THE INPUT:

· · · · ·

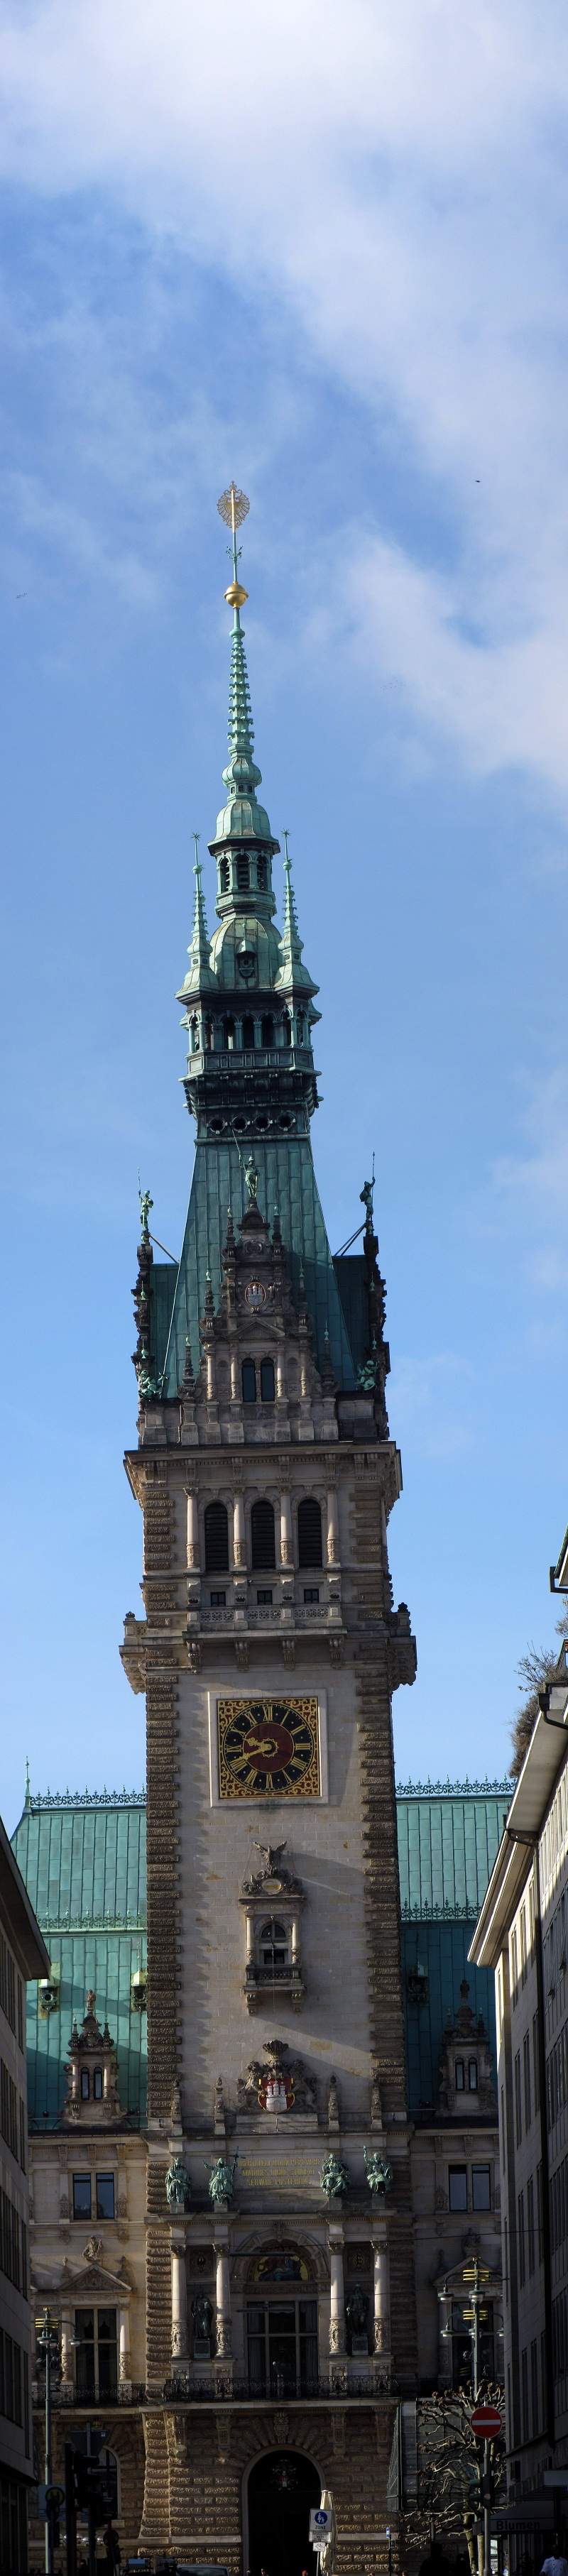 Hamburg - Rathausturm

· · · · ·

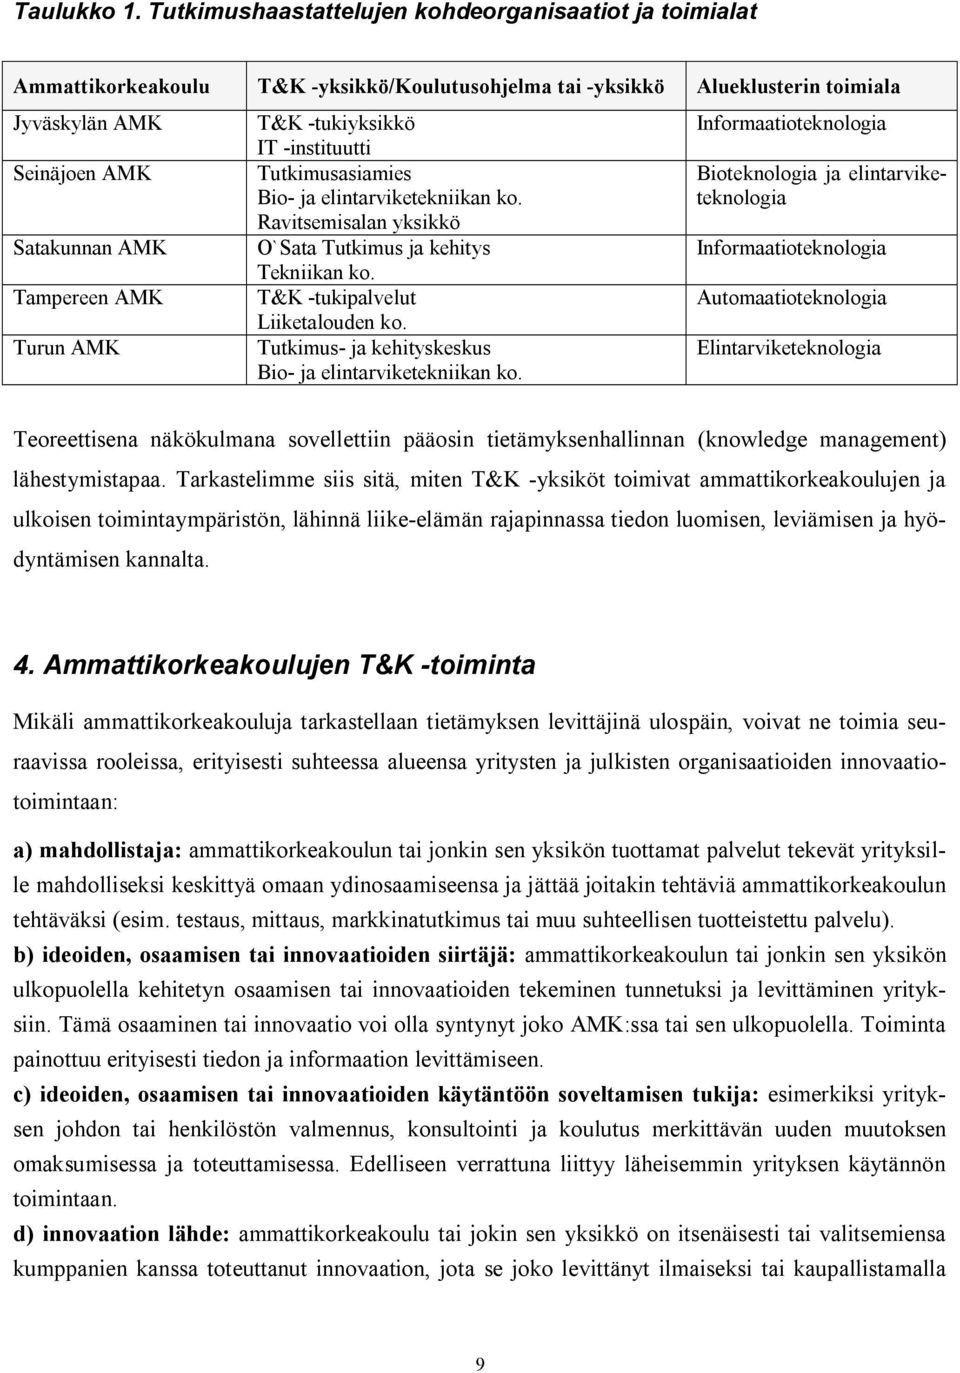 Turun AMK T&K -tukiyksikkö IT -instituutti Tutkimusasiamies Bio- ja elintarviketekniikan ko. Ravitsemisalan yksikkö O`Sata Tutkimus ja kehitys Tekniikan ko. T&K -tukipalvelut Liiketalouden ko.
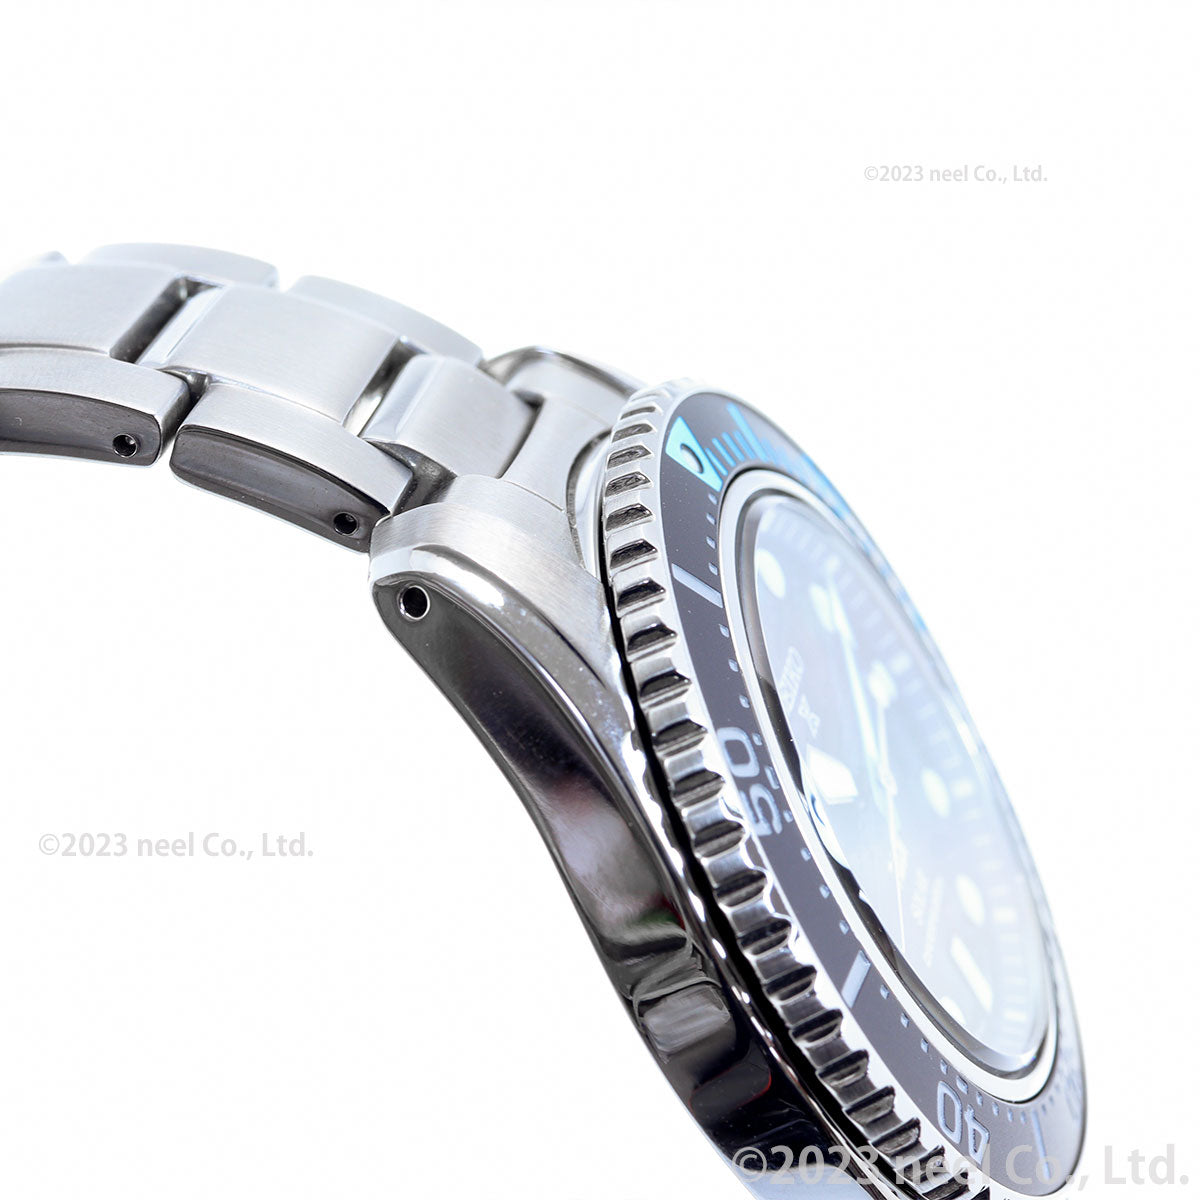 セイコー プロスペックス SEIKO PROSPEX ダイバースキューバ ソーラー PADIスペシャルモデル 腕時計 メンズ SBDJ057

· · · · ·

WORK TASK: With the pictures left out, write out exactly the lines above from the one containing "Turun AMK T&K" through the one containing "セイコー プロスペックス SEIKO".

ANSWER SPACE:
 Turun AMK T&K -tukiyksikkö IT -instituutti Tutkimusasiamies Bio- ja elintarviketekniikan ko. Ravitsemisalan yksikkö O`Sata Tutkimus ja kehitys Tekniikan ko. T&K -tukipalvelut Liiketalouden ko.
 セイコー プロスペックス SEIKO PROSPEX ダイバースキューバ ソーラー PADIスペシャルモデル 腕時計 メンズ SBDJ057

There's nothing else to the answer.